In their study, [152] estimate the intensity using a Conditional Random Field that takes into account several elements that they call contextual: the subject observed (Who), the changes in appearance of facial expressions (How) and the temporal relationships between the different levels of AU intensity (When).
This consideration of spatio-temporal interactions allowed a significant increase in the performance of their systems.
Several studies have explored techniques to provide intensity estimation in discrete levels, mainly through Action Units whose 5-level intensity is provided in several databases (Bosphorus, DISFA, GFT, UNBC). [11] use a local-global ranking technique that compares the differences in Action Unit intensity between two images of the same person, in order to avoid the problem of morphological differences between individuals. [17] trained in a multi-task CNN that simultaneously detects the occurrence and intensity of all Action Units, taking into account different head orientations. [74] propose the detection of the presence and intensity of AUs with a feature extraction system separated into several ROIs, in order to reduce the problem of AU co-occurrences and to avoid errors due to occlusions of certain parts of the face to be reflected in the final output.
For their part, [219] have developed a regression system (SVR) in order to continuously estimate the intensity of the Action Units. They report that this regression model exceeds the performance of classifiers trained to estimate discrete levels.

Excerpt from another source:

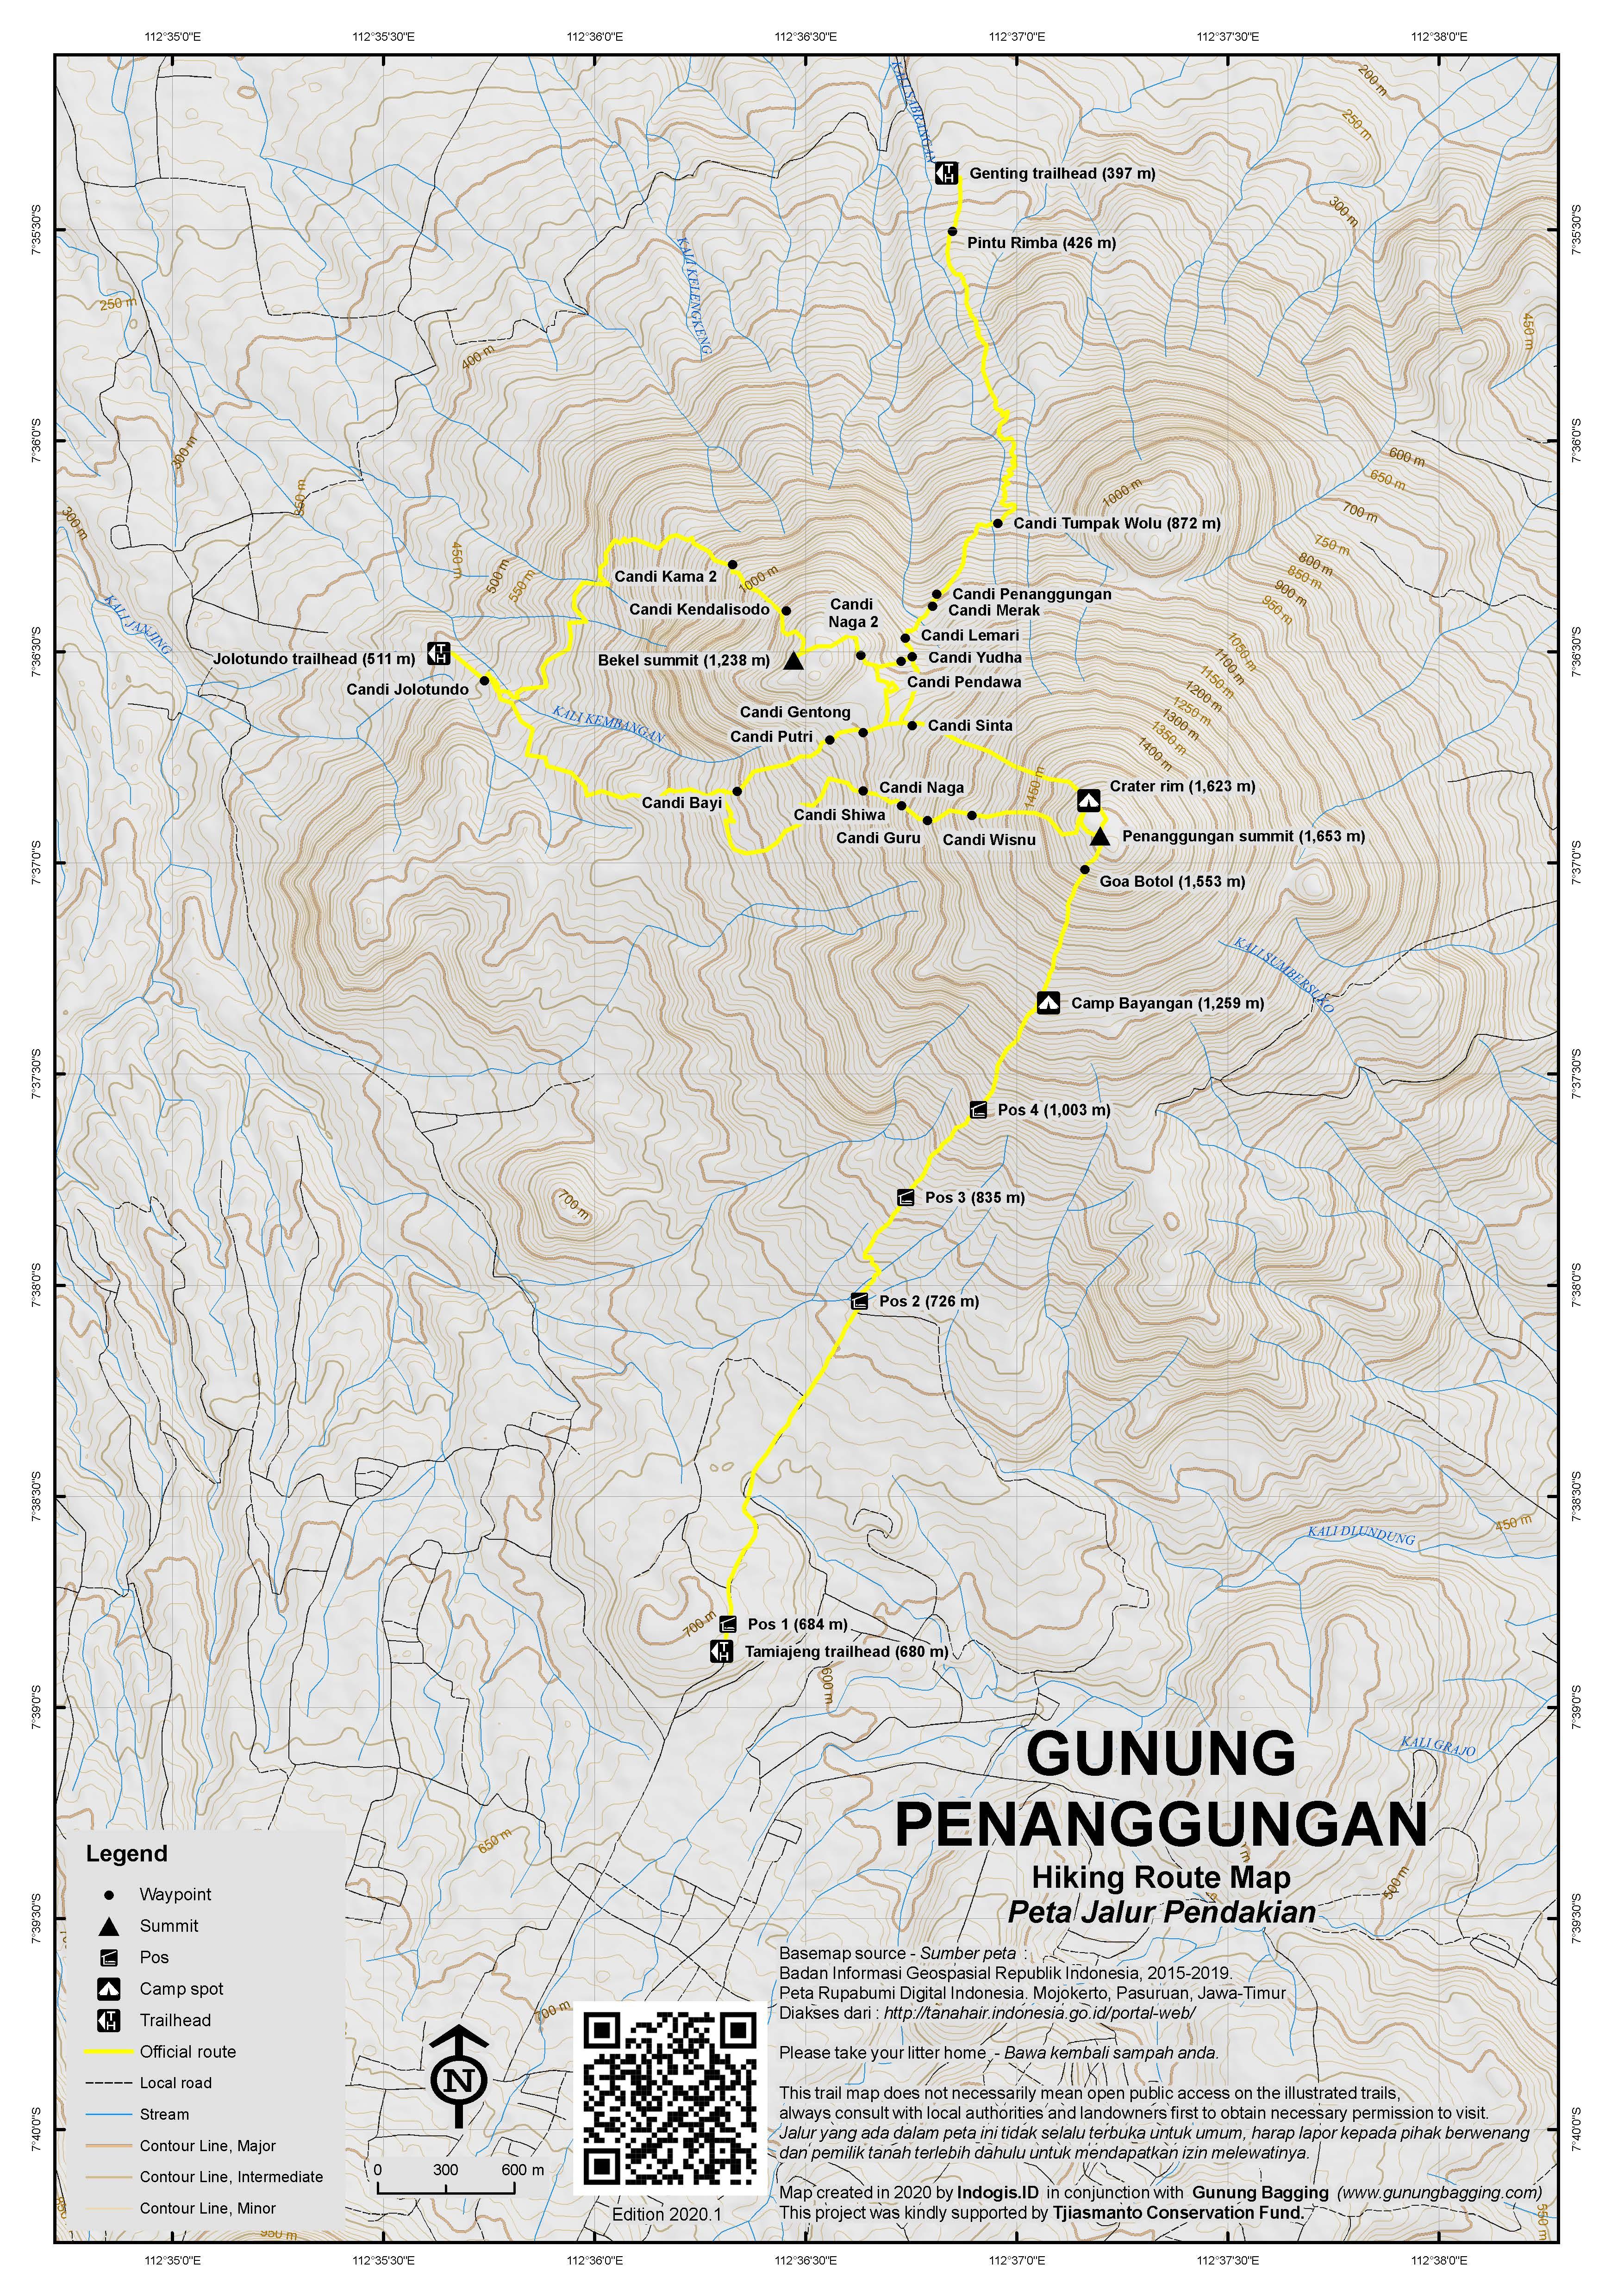 Peta Jalur Pendakian Gunung Penanggungan

The term “emotion”, frequently used in literature and in everyday life, is relatively difficult to define from a scientific point of view. Indeed, this multidimensional phenomenon is based on physical, physiological, cognitive and behavioral considerations.
From antiquity to the present day, psychologists, physiologists, anthropologists, philosophers, sociologists, ethologists and neuroscientists have carried out a great deal of work to define and classify human emotions.
Each of them has proposed a different definition.
Stemming from the classical debate between nature and culture, many theoretical controversies currently remain concerning the nature of emotions and their relationship to facial expressions.
In the field of the AFER, these competing theoretical models of emotions lead to choices of measurement and thus of different data.
The large majority of studies postulate a direct link between emotions and facial expressions. The difference lies in the way these emotions are described, in terms of discrete categories or on a continuum of dimensions.
Figure 5 summarizes the type of emotions taken into account in the various studies.

Type of emotions considered in the studies.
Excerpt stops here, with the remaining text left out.